Produtor irlandês acredita que uma conversa entre Lennon e o assassino teria evitado o crime

Documentário revê tormentos de Chapman

Itsuo Inouye - 9.dez.2002/Associated Press
Fãs no museu John Lennon, no Japão


FÁBIO VICTOR
DE LONDRES

Dois dedos de prosa poderiam ter evitado uma das maiores tragédias da música pop mundial. Se é possível levar a sério a mente de um psicopata como Mark David Chapman, é dele -o homem que deu cinco tiros em John Lennon em 8 de outubro de 1980 (há 25 anos e um dia)- a idéia de que o desdém do ex-Beatle aos seus tormentos foi a senha para o crime.
A declaração é um dos pontos altos do documentário "I Killed John Lennon" ("Eu Matei John Lennon"), produzido pelo irlandês David Harvey a partir de depoimentos do próprio Chapman, que já teve negados dois pedidos de liberdade condicional e cumpre pena na prisão de Attica, no Estado de Nova York.
Ex-apresentador de um programa sobre crimes na TV irlandesa, Harvey comprou os direitos de usar as fitas de áudio ao americano Jack Jones, que gravou, a partir de 1990, mais de cem horas de entrevistas com o assassino -os produtores se debruçaram sobre 40 horas, e no filme restaram só 25 minutos de relatos dele.
Com 65 minutos, o documentário, dirigido por Chris Wilson, vai ao ar amanhã no inglês Channel 4 (segundo o produtor, o filme ainda não foi negociado com canais brasileiros). Ouvindo também pessoas próximas a Chapman e testemunhas do crime, reconstitui o dia do tragédia e investiga obsessões do assassino, como a com o livro "O Apanhador no Campo de Centeio", de J.D. Salinger, que o teria inspirado.
Embora Jones tenha usado seus encontros com Chapman para escrever a biografia "Let Me Take You Down", os realizadores asseguram que a maior parte dos depoimentos no documentário é inédita. Alguns, como o que diz que nada poderia tê-lo impedido de matar Lennon, pois era "como um trem descontrolado", contradizem a própria tese da conversa salvadora, mostrando o quão atormentado é o sujeito.
Pela venda dos direitos ao Channel 4 e à americana NBC, a empresa de Harvey abocanhou, segundo o jornal inglês "The Sunday Times", 500 mil. Em entrevista à Folha, o produtor negou, mas se recusou a dizer quanto pagou a Jones e quanto recebeu das TVs. Ele falou de Dublin, onde acabou de inaugurar um canal de TV, o City Channel.
 

Folha - Como chegou às fitas?
David Harvey
- O Jack Jones é jornalista em Nova York e foi contatado por Mark Chapman, que leu os trabalhos dele sobre prisioneiros e achou que seria alguém confiável para conversar. Eles se encontraram diversas vezes, e Jones gravou cem horas de entrevistas. Eu já conhecia o Jones de outro projeto, e resolvi fazer.

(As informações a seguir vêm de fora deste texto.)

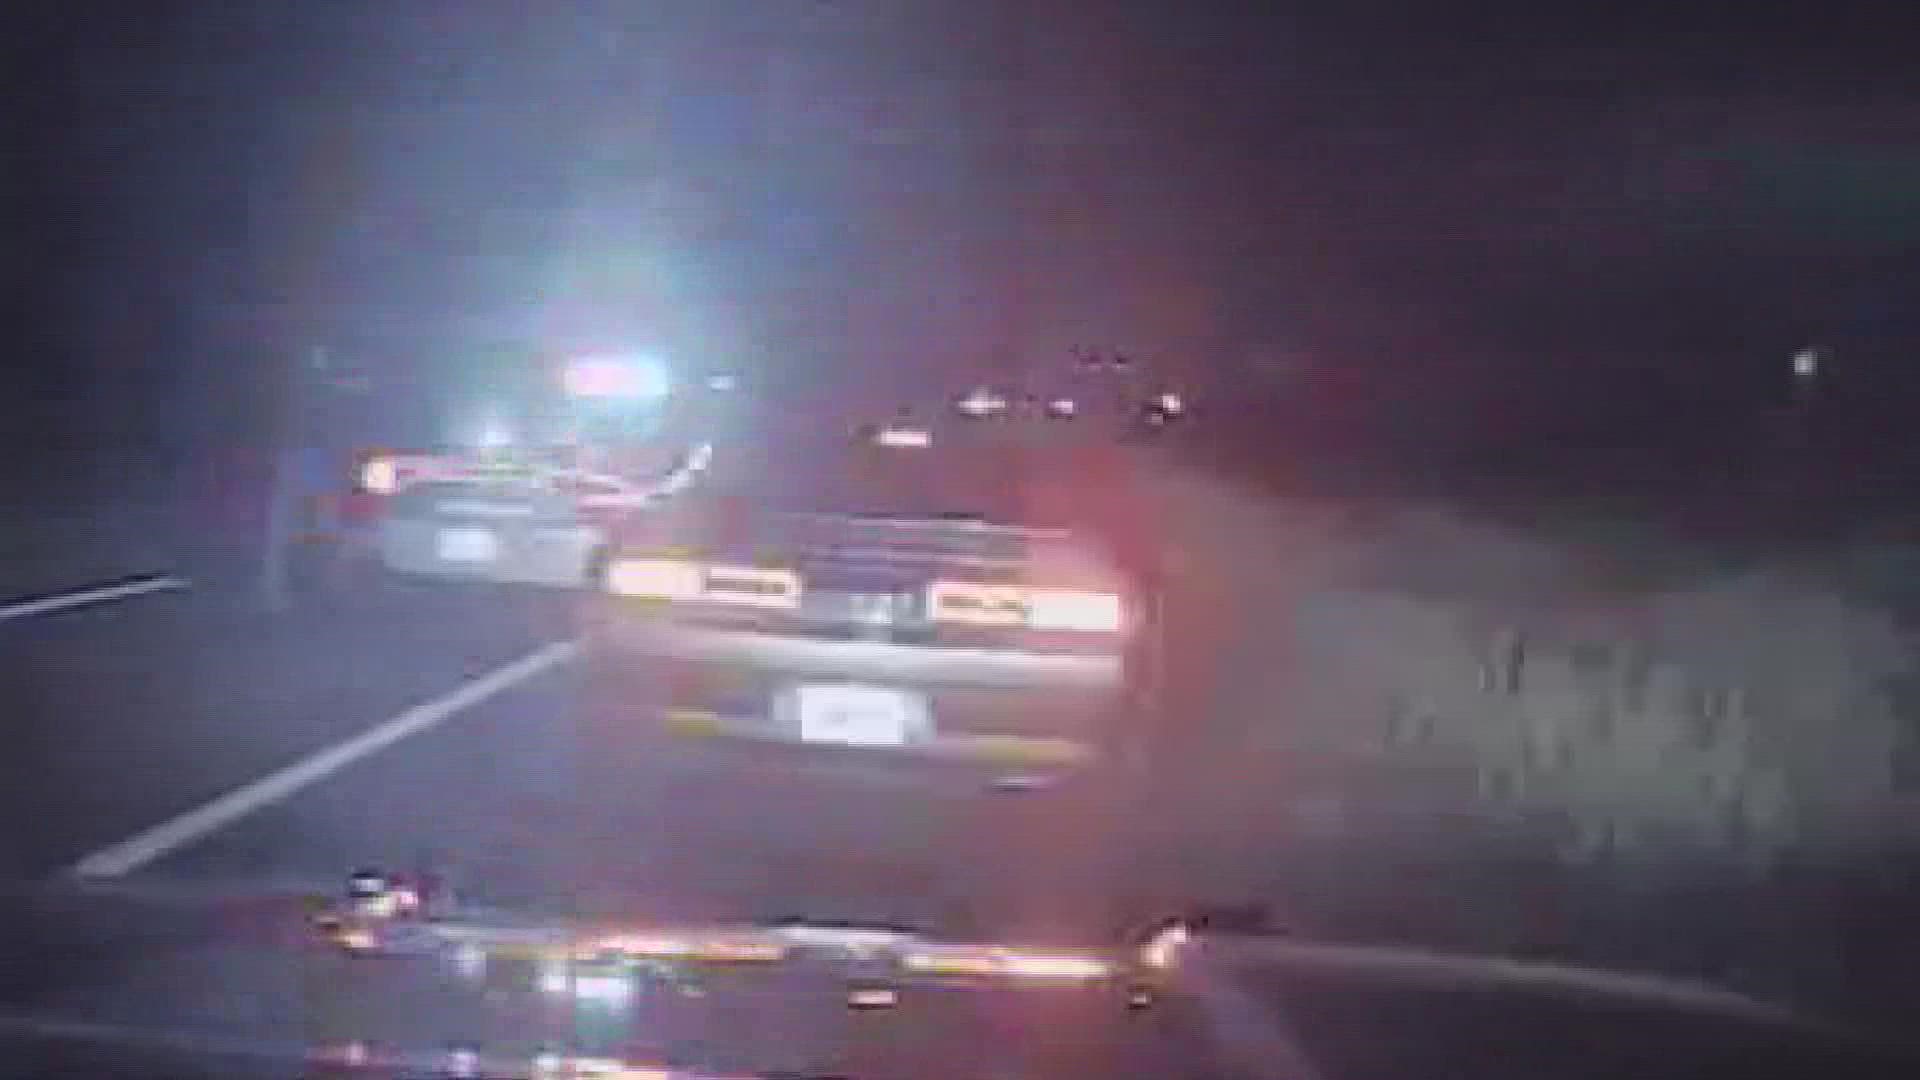 New video shows Dejaune Anderson, Dawn Coleman and 5-year-old Cairo Jordan in the hands of law enforcement after a police chase in South Carolina.
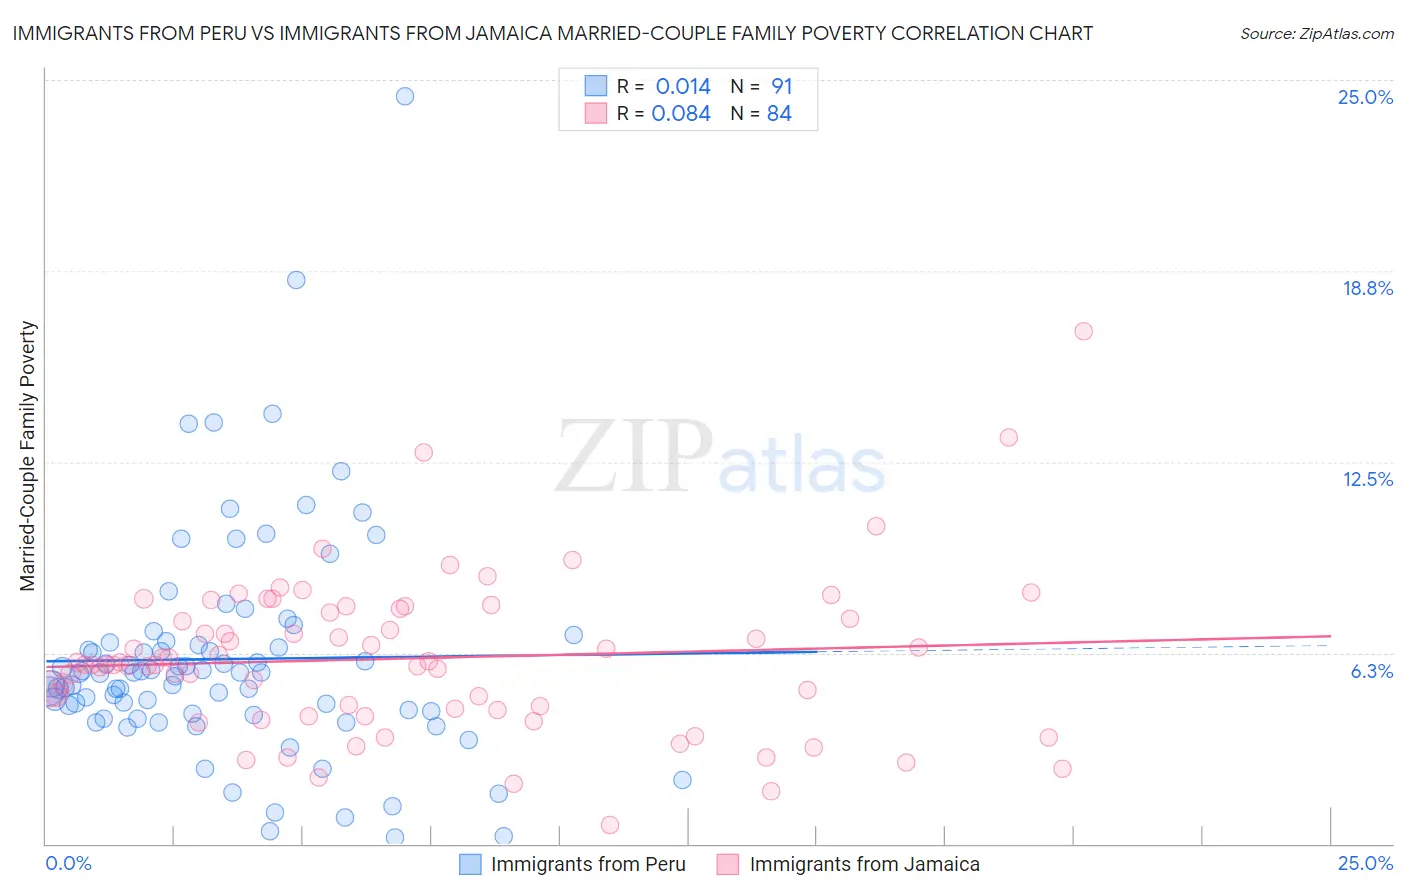 Immigrants from Peru vs Immigrants from Jamaica Married-Couple Family Poverty

Folha - Qual é a maior revelação de Chapman no filme?
Harvey
- É que ele não teria matado se tivesse tido a chance de conversar com Lennon para resolver todo o tormento que tinha em sua cabeça sobre a relação com ele. Isso seria impossível, já que Lennon não toparia conversar com um fã sobre um assunto desses. Chapman estava sendo conduzido por uma série de desilusões em sua mente que o conduziram ao assassinato. Ele conta que foi guiado por amigos imaginários que eram o seu alter ego.

Folha - E o que os outros falam dele?
Harvey
- As observações mais interessantes são dos especialistas que avaliam o estado de saúde de Chapman hoje. Dizem que ele é até certo ponto normal, mas acham que suas características de desilusão e narcisismo continuam evidentes. Poderíamos ter feito cinco documentários. A vida dele é muito enrolada. Mas o nosso propósito era fazer uma versão resumida, deixar que ele contasse sua história. E também não tivemos permissão para fazer entrevistas com algumas pessoas.

Folha - A família Lennon, por exemplo, não foi ouvida...
Harvey
- Não. Yoko Ono não está muito satisfeita. Tentamos entrevistá-la, ela não quis.

Folha - Como vê as críticas dela, de que mostrar o documentário irá ferir a família e os fãs?
Harvey
- Bem, ela não assistiu. Então acho que as críticas são infundadas. De forma alguma o que estamos fazendo glorifica Chapman ou desrespeita a memória de Lennon. É uma reconstituição documental.